The Chamber also questions McConnell’s low American Bar Association Rating. “For a practicing lawyer with 25 years of experience to obtain such a low rating speaks poorly of his legal abilities, and likely means that he generated negative comments from judges before whom he appeared and/or from lawyers who know him,” the Chamber of Commerce wrote. “Mr. McConnell’s ABA rating should come as no surprise given his past statements that raise serious question about whether he will follow precedent and the rule of law.”

National Republican Senatorial Committee spokesman Brian Walsh told The Daily Caller that McConnell has donated about $700,000 to Democratic party groups and organization and, “that money was the product of what would appear to be a long history of ‘pay-to-play dealings’ in courts around the country.” Walsh also said this nomination and cloture vote “appear[s] to be pay back from politicians like [Rhode Island Democratic Sen.] Sheldon Whitehouse that he has backed over the years.”

“Every Senate Democrat who votes in support of his nomination will have to explain to their constituents why they gave a lifetime appointment to someone of his very questionable caliber and qualifications,” Walsh said in an e-mail to TheDC.

Rhode Island GOP Chairman Ken McKay told TheDC that he’s requested documents and information regarding the DuPont settlement and McConnell’s contracts with Rhode Island’s Attorney General’s office, but has not received any response yet. “The voters have a right to know what went on here,” McKay said, adding that he thinks the Senate shouldn’t try to “ram through” this judicial appointment without presenting all the facts.

Given his history of ‘pay-for-play’ allegations, Republicans expect McConnell to practice judicial activism, or using his power as a judge to further an ideological agenda. In a Washington Times op-ed Wednesday morning, Sen. John Cornyn, Texas Republican, questioned McConnell’s ability to remain fair and impartial.

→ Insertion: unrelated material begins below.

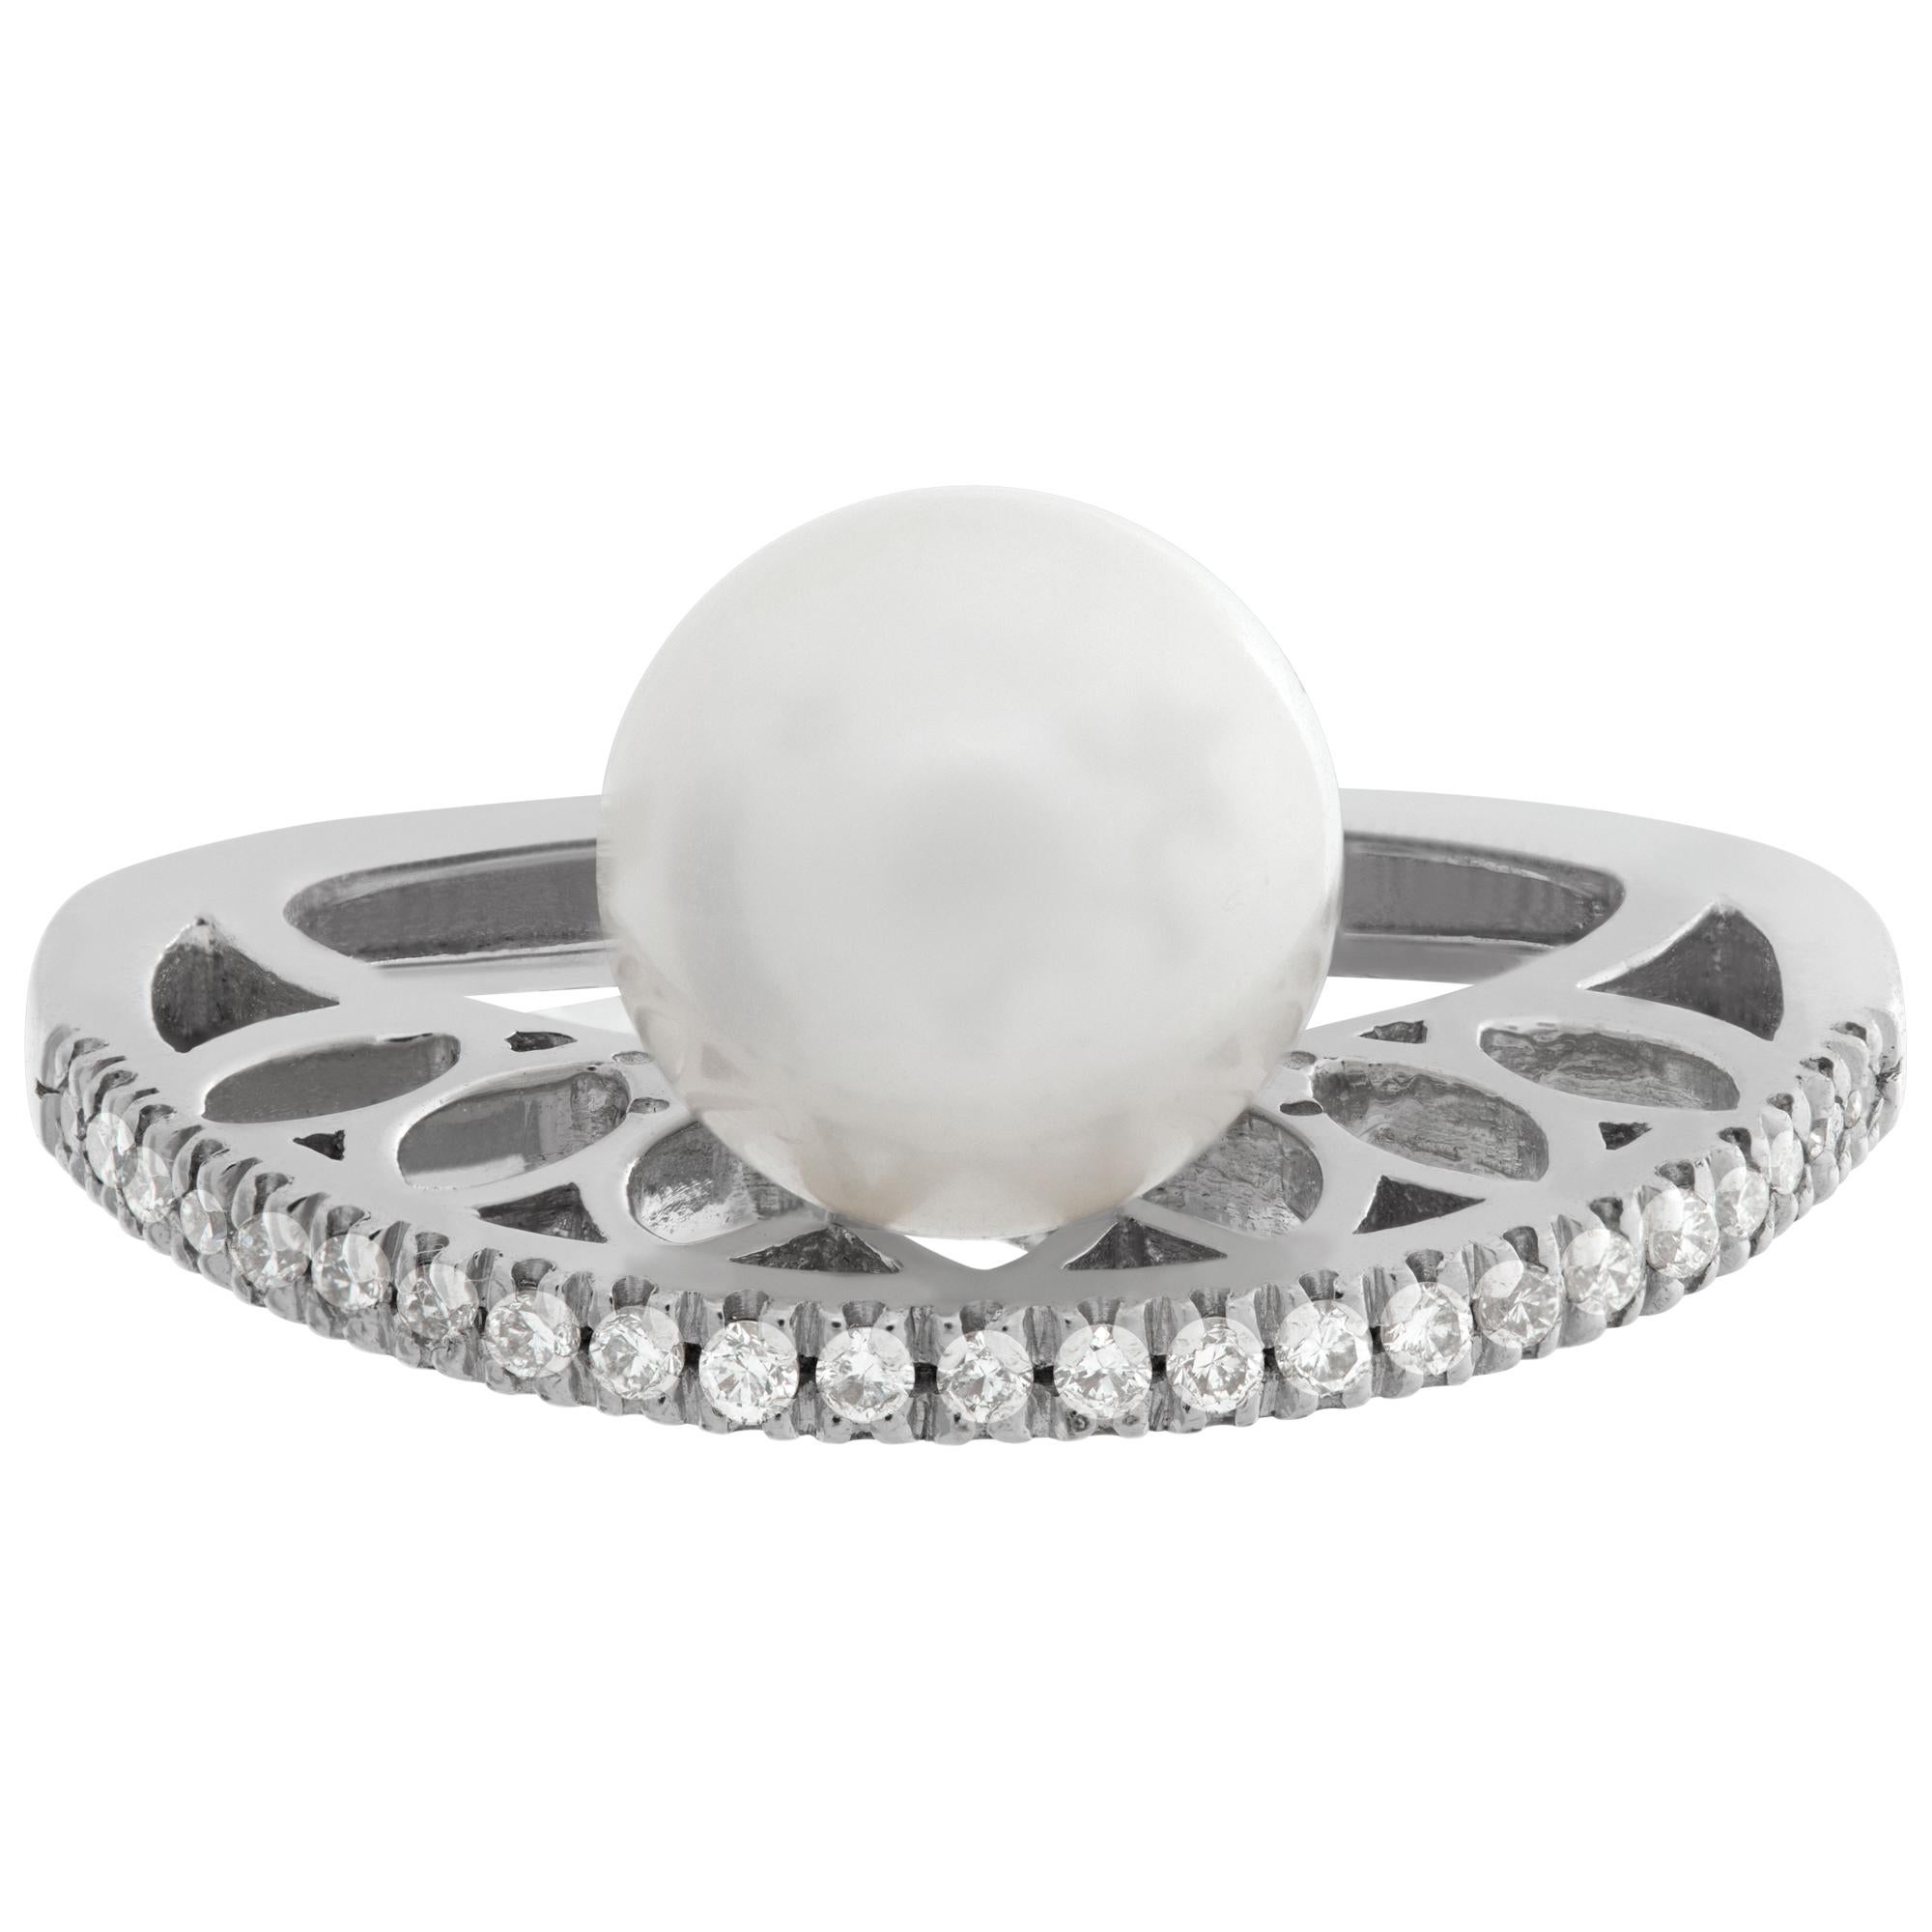 Fresh water pearl (9.5 x10mm) & diamond ring with approx 0.20 carat round cut diamond accents set in 18k white gold. Size 7This Pearl/diamond ring is currently size 7 and some items can be sized up or down, please ask! It weighs 4.5 pennyweights and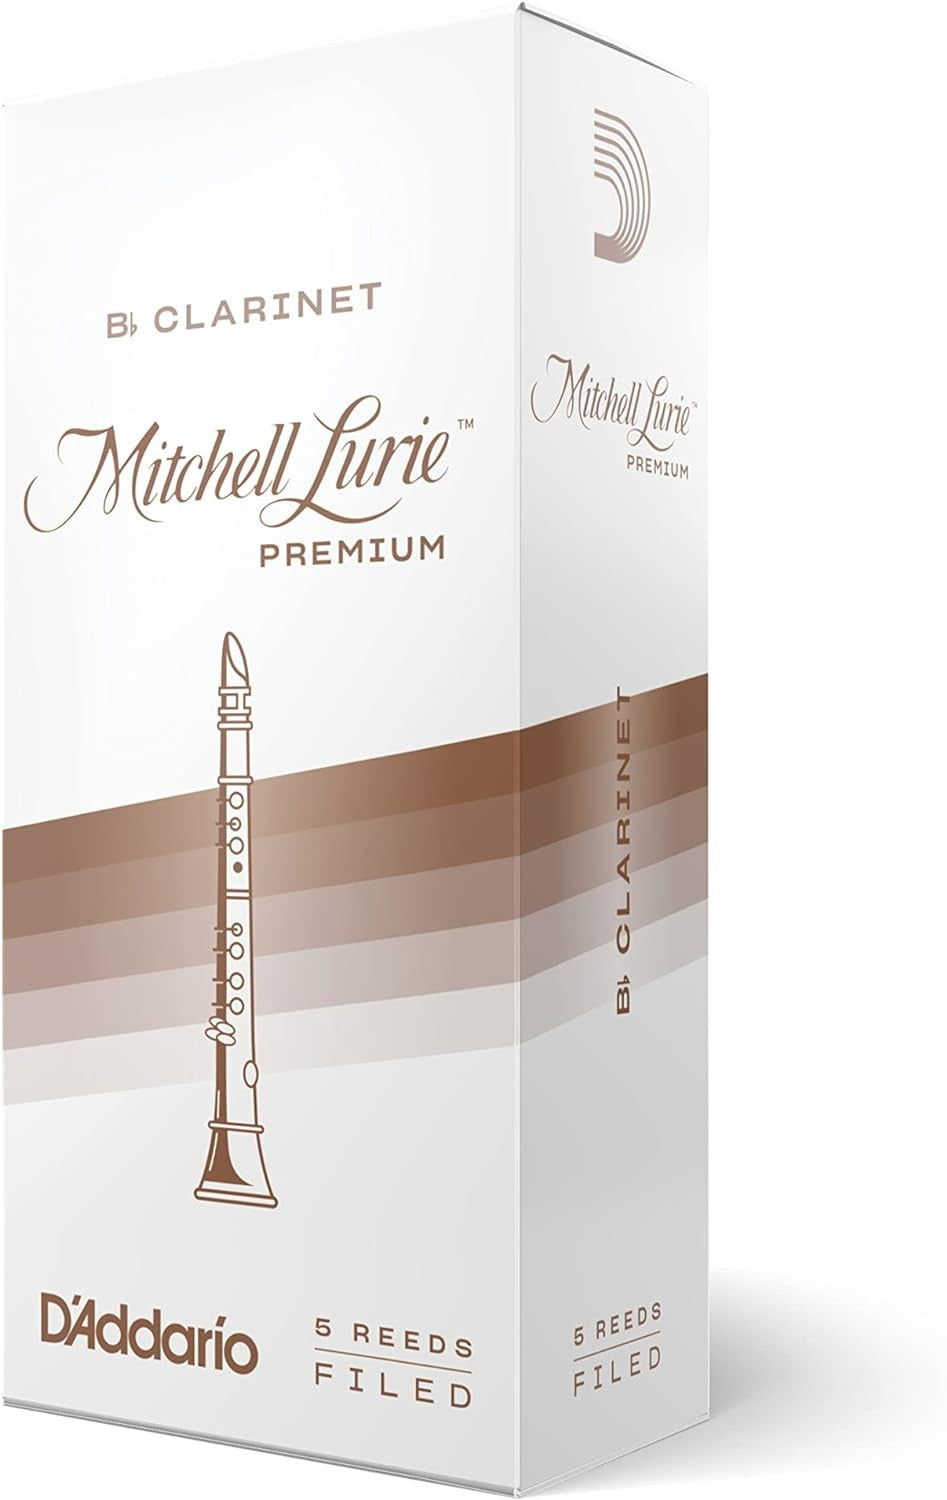 MITCHELL LURIE RMLP5BCL45 #4.5 Clarinet Reeds, Box of 5

“I do not believe that all parties who come before him would receive a fair and impartial trial,” Cornyn wrote. “Especially worrisome is his anti-business bias, summed up by his view that some businesses would only do the right thing ‘when they’re sued and forced to by a jury.’”

Senate Minority Leader Mitch McConnell echoed that charge in remarks on the Senate floor Wednesday.

“His legal career has been marked by a pervasive and persistent hostility to American job creators,” Mitch McConnell said. “This bias against one part of American society is fundamentally antithetical to the rule of law, and it has led him to take a series of troubling actions that show his unfitness for a lifetime position as a fair and impartial judicial officer.”